Background: Equine babesiosis is one of the prevalent diseases in horses worldwide, but its presence in Syria generally and in the northern region specifically is not known. In Syria, the civil war has severely disrupted veterinary services, hence disease control measures, creating a fertile ground for the spread of tick-borne diseases.

Aim: This study aimed to conduct a comprehensive molecular and serological survey of Theileria. equi and Babesia. caballi in Arabian horses from the northern provinces of Syria, regions heavily impacted by the war.

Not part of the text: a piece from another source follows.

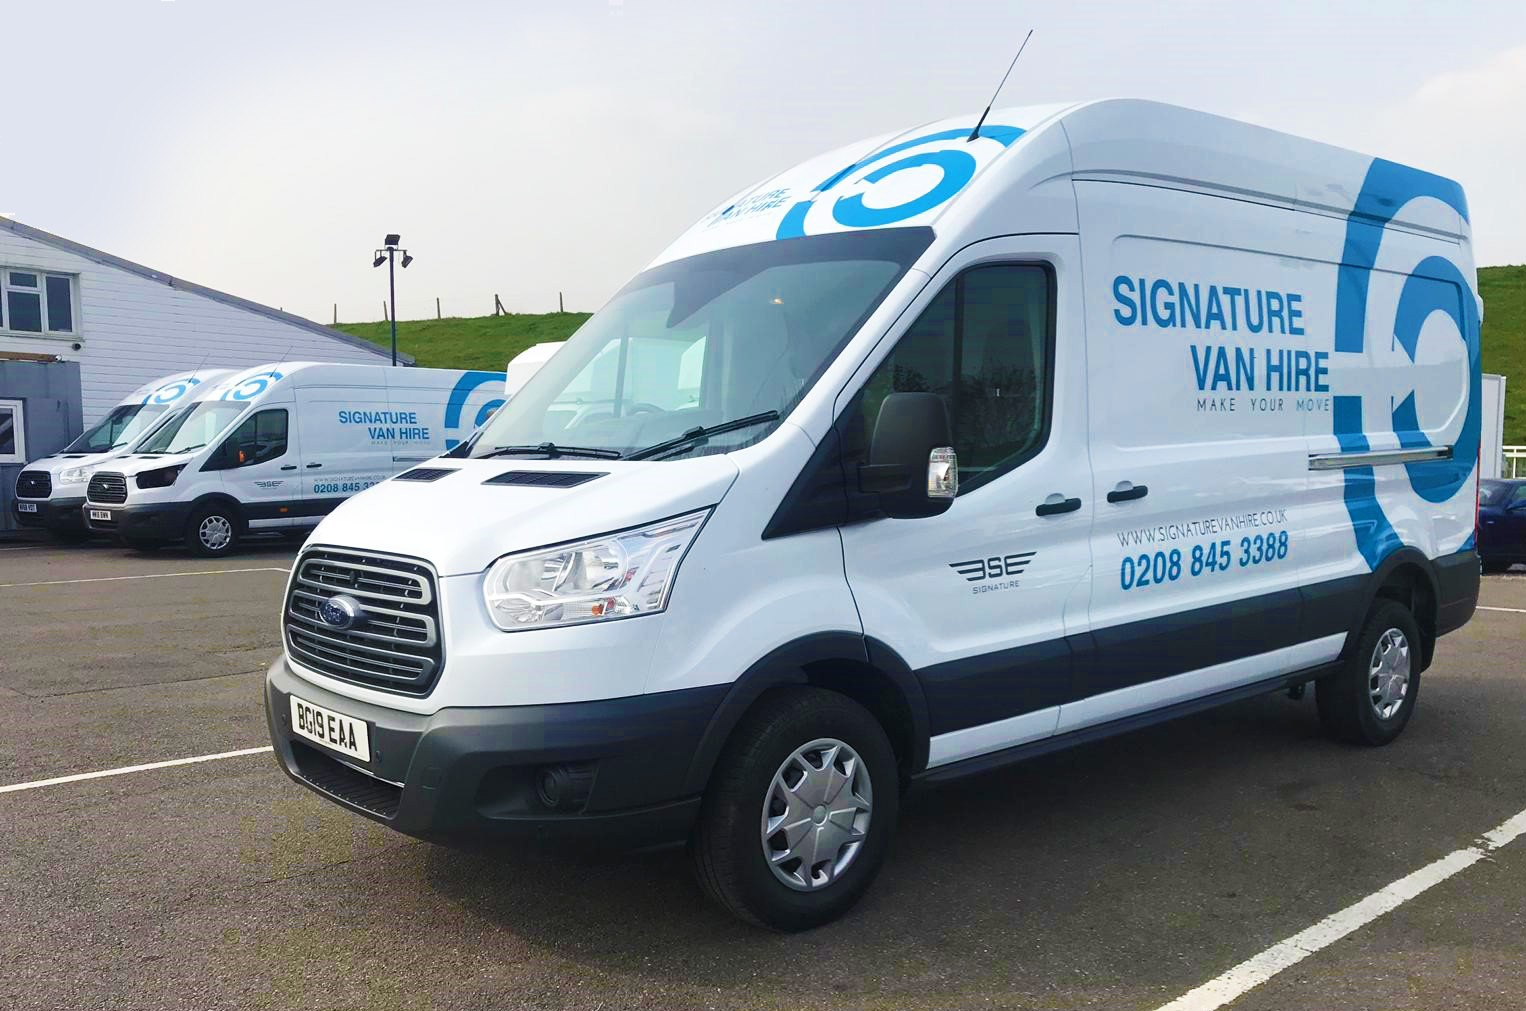 New Rental Vans get branded at Signature

Methods: A total of 110 Arabian horses, aged between 2 and 10 years, were included in the study. Each horse underwent a thorough clinical examination and blood analysis. The blood sample was taken from each animal for hematological and immunological analysis, including competitive enzyme-linked immunosorbent assay (cELISA) and polymerase chain reaction (PCR).

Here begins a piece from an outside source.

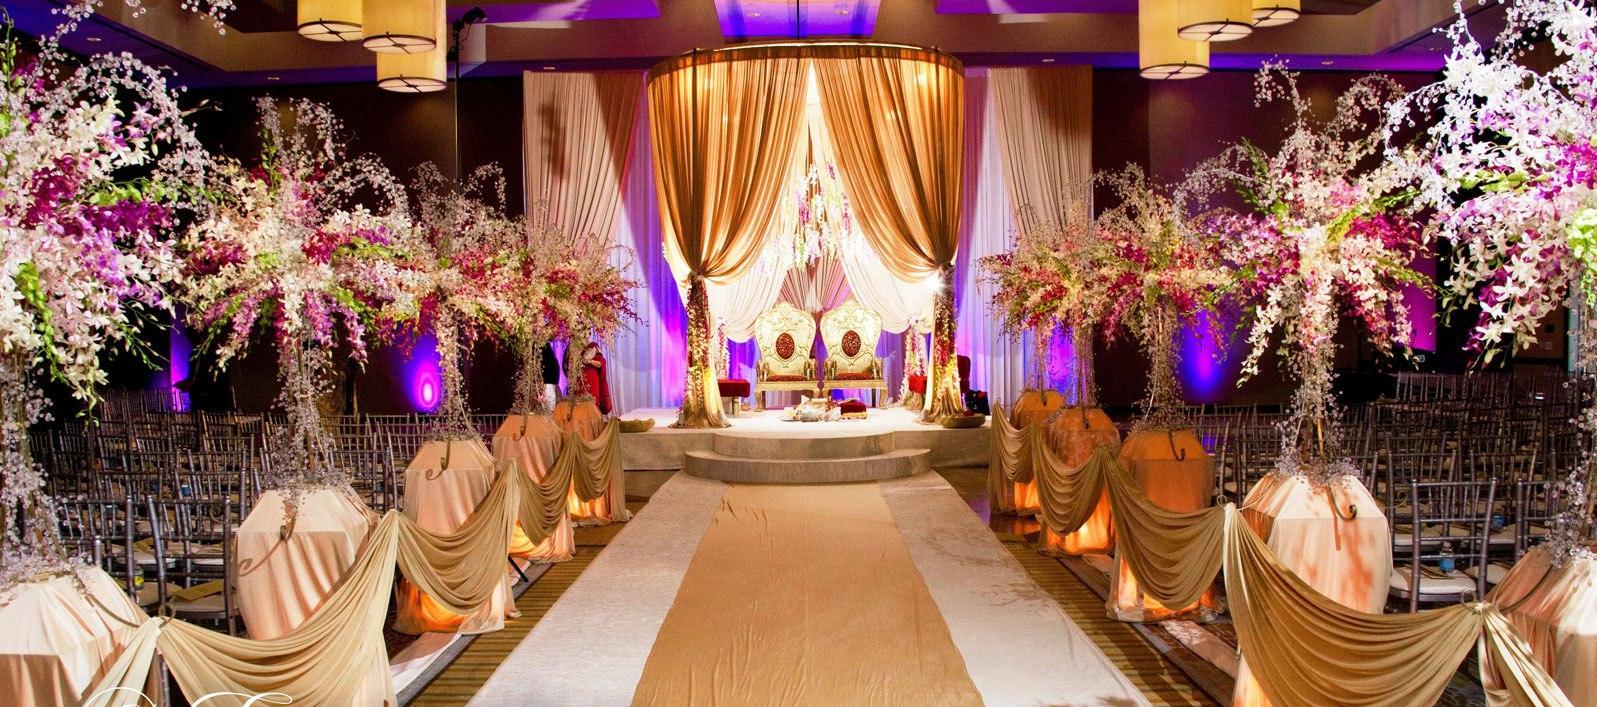 D:\Jaspal\Amoretti\Guest Post\indian-wedding-ceremony-3.jpg

Results: Clinical signs of piroplasmosis, such as fever, jaundice, anorexia, and lethargy, were observed in only a small fraction of the horses (4/110). Hematological analysis of these symptomatic horses revealed a significant decrease in lymphocyte, hematocrit, and platelet counts compared to their healthy counterparts. The cELISA detected antibodies against T. equi in 47% (52/110) of the horses, while no antibodies for B. caballi were detected. In the T. equi-positive group, a significant increase in eosinophil percentage and a decrease in red blood cell distribution width were noted. Molecular diagnosis using a nested PCR approach targeting the EMA-1 gene completes the presence of T. equi Deoxyribonucleic Acid (DNA) in 9 out of 10 samples that were initially positive in a screening PCR, as evidenced by the expected specific amplicon at 274 bp. In contrast, no B. caballi DNA was detected in any examined sample, as no specific 566 bp fragment corresponding to the RAP-1 gene was observed. The PCR-positive horses also showed a significant increase in eosinophil percentage and a decrease in platelet counts.

Conclusion: The current results confirm the widespread exposure of horses in Northern Syria to T. equi but not B. caballi, which should be taken into account when planning effective control measures in the post-war time.

Keywords: ELISA, Horse, PCR, Piroplasmosis, Syria.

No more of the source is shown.